С галерки остервенело захлопали, хлопки слились ручьем по ступеням вниз, и даже сидящие впереди Аристид и Алесь сложили ладоши. А Марика отшвырнула куда-то назад бутылку, уже пустую, ступила пару шагов вперед — ее босые, белые, распухшие ступни повисли над краешком возвышения, как над бездной, — и проревела:
— Вы находите на упаковке товара ВСЕ: историю обретения счастья, вечное блаженство, радость Творца… Змей вползает вам в душу, в зад или в вашу жаждущую проникновения вагину. И вот вы уже, связанный и стреноженный, стоите у прилавка и переводите несуществующие деньги из одного ослиного банка в другой, оплачивая ненужные запонки к несуществующим в вашем гардеробе рубашкам! Вы кричите о том, что исламский мир наступает вам на пятки. Вы жалеете свои машины, разбитые палками мусульманского квартала! Но вы уже пропустили тот момент, когда горячее дыхание ислама опалило волосы на ваших заплывших затылках. Оно настигло вас тогда, когда вы обсуждали браки между геями, педофилию среди католических иерархов, тысячедолларовый педикюр для собак, и когда вашими пророками стали не воины и герои, а трансвеститы и модельеры!
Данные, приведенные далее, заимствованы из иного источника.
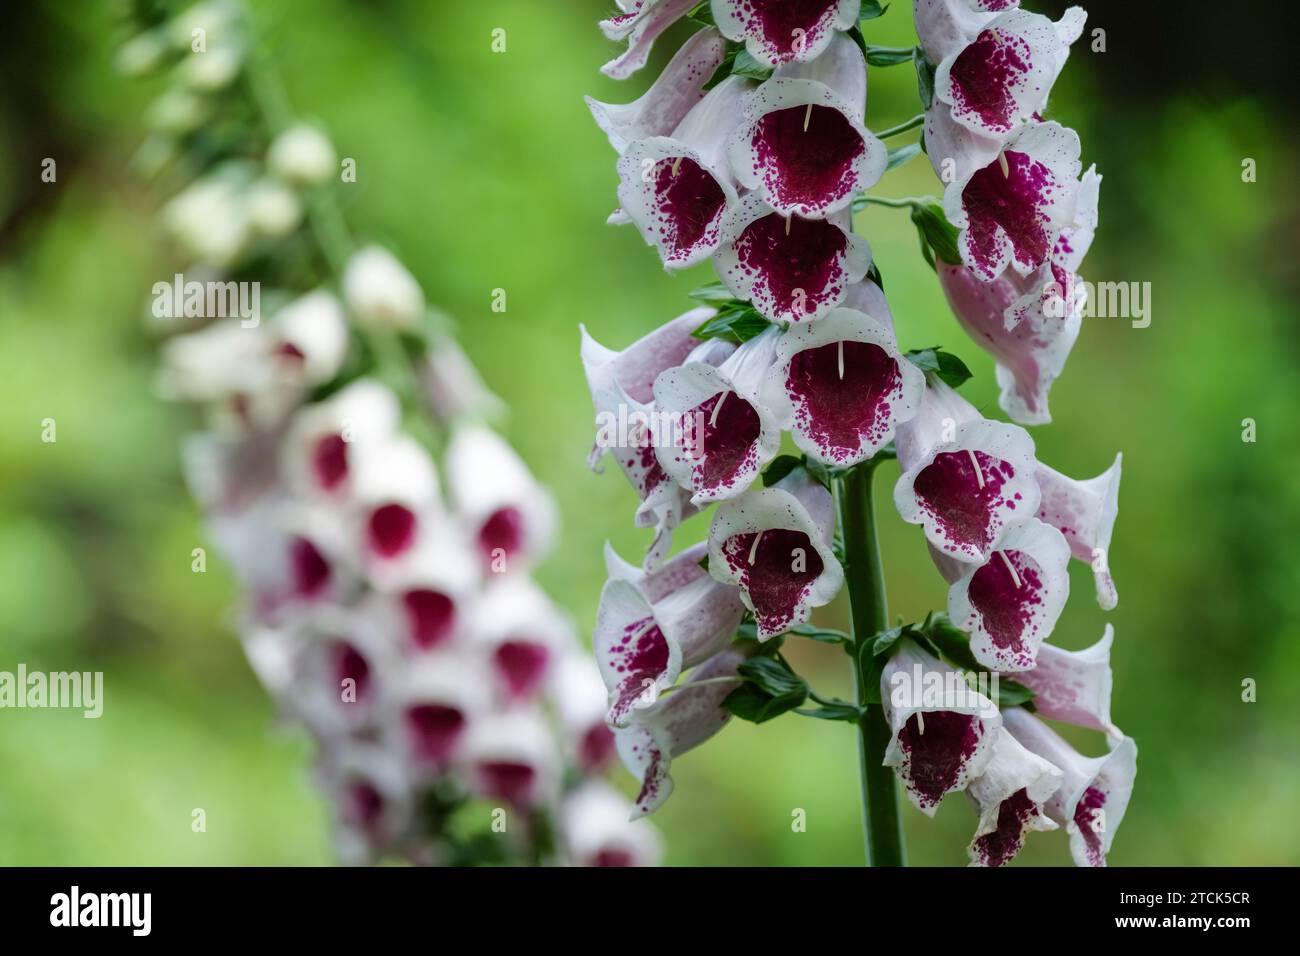 Digitalis purpurea 'Pam's Choice, foxglove, white, trumpet-shaped flowers, splotched and freckled with maroon in the throats Stock Photo
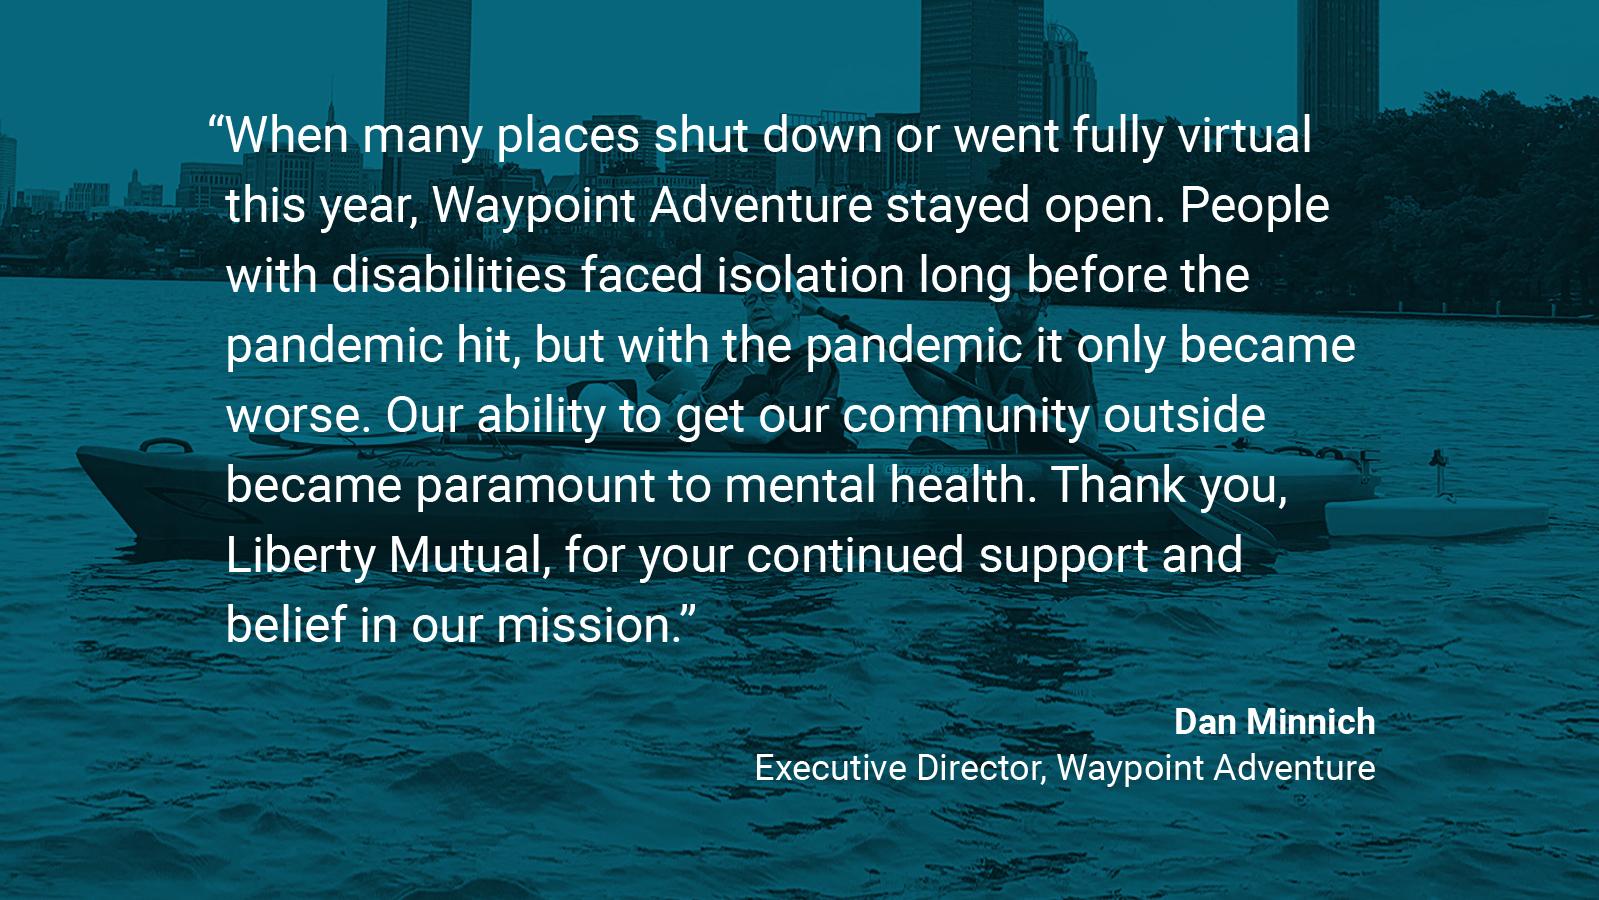 (slide 3 of 4) Quote by: Dan Minnich, Executive at Waypoint Adventure: "When many places shut down or went fully virtual this year, Waypoint Adventure stayed open. People with disabilities faced isolation long before the pandemic hit, but with the pandemic it only became worse. Our ability to get our community outside became paramount to mental health. Thank you, Liberty Mutual, for your continued support and belief in our mission..

И вот к границам вашего зажиревшего, успокоенного, слюнтяйского болота приблизились орды тех, для кого бог жив, для кого он не формула и не логарифм, для кого он не нуждается в доказательстве, а для кого он — Символ всех символов! Они не уповают на судебные инстанции и общечеловеческие ценности, и в жилах потомков викингов давно уже не кровь, а водица. И эту водицу, а не кровь христианских младенцев — нет у них ее! — выпьют те, кто хочет напиться. Невозможно находиться над схваткой в эпоху нового средневековья — в эпоху простых и ясных решений: таких же простых, как и сам символ!
Зал взвыл так, что скрипачки попятились, болтая картонными «А» на бедрах. Женщина утерла большой рот с вывороченными губами, отбросила назад клок своих светлых волос, закрывавших не только ее бугристый, в оспинах, лоб, но и страстные, вдохновенные глаза пифии, и тоном потише продолжила:
— Это и есть конец иудеохристианства, этого нарыва на щеке великой земли, испортившего ее плоть и увязшего в ее раскисшем мозге! Глобальная ДЕ-градация, по Ричарду Генону, входит даже не в священную декаду, а в комбинацию двух пальцев, переключающую примитивную команду в электронном чипе вашего ноутбука. Чем отличается аватара долбаного геймера, неделями бродящего по темным лабиринтам Quake и пока еще способного вернуться, чтобы сходить на горшок или перекусить, или же все это одновременно, от ангелов Еноха, тоже сначала, во время оно, сходивших к земным утехам и восходивших затем к небесному утешению, но забывших все-таки, в объятиях земных шлюх, дорогу к Отцу?! Человечество, оставив без внимания — кстати, не без помощи старого пердуна Эйнштейна — мечту о Небе, активно осваивает дорогу. Но это дорога вниз или, как говорят русские, v jopou, из реальности в кишечно расположенную цифральность, в инфернальный мир Дуады, которые вскоре населят наши ники и аватары, безглазые, бестелесные адреса электронной почты и пойдут гулять по цифровым лабиринтам, все более и более забывая о лежащих в креслах телах! И если это произойдет, уже не в салонах и форумах, уже не в вонючих аудиториях с похотливыми профессорами, а в гигабайтных каналах, тогда будут вестись дискуссии о том, есть ли у символа, проявленного в цифральности уравнением…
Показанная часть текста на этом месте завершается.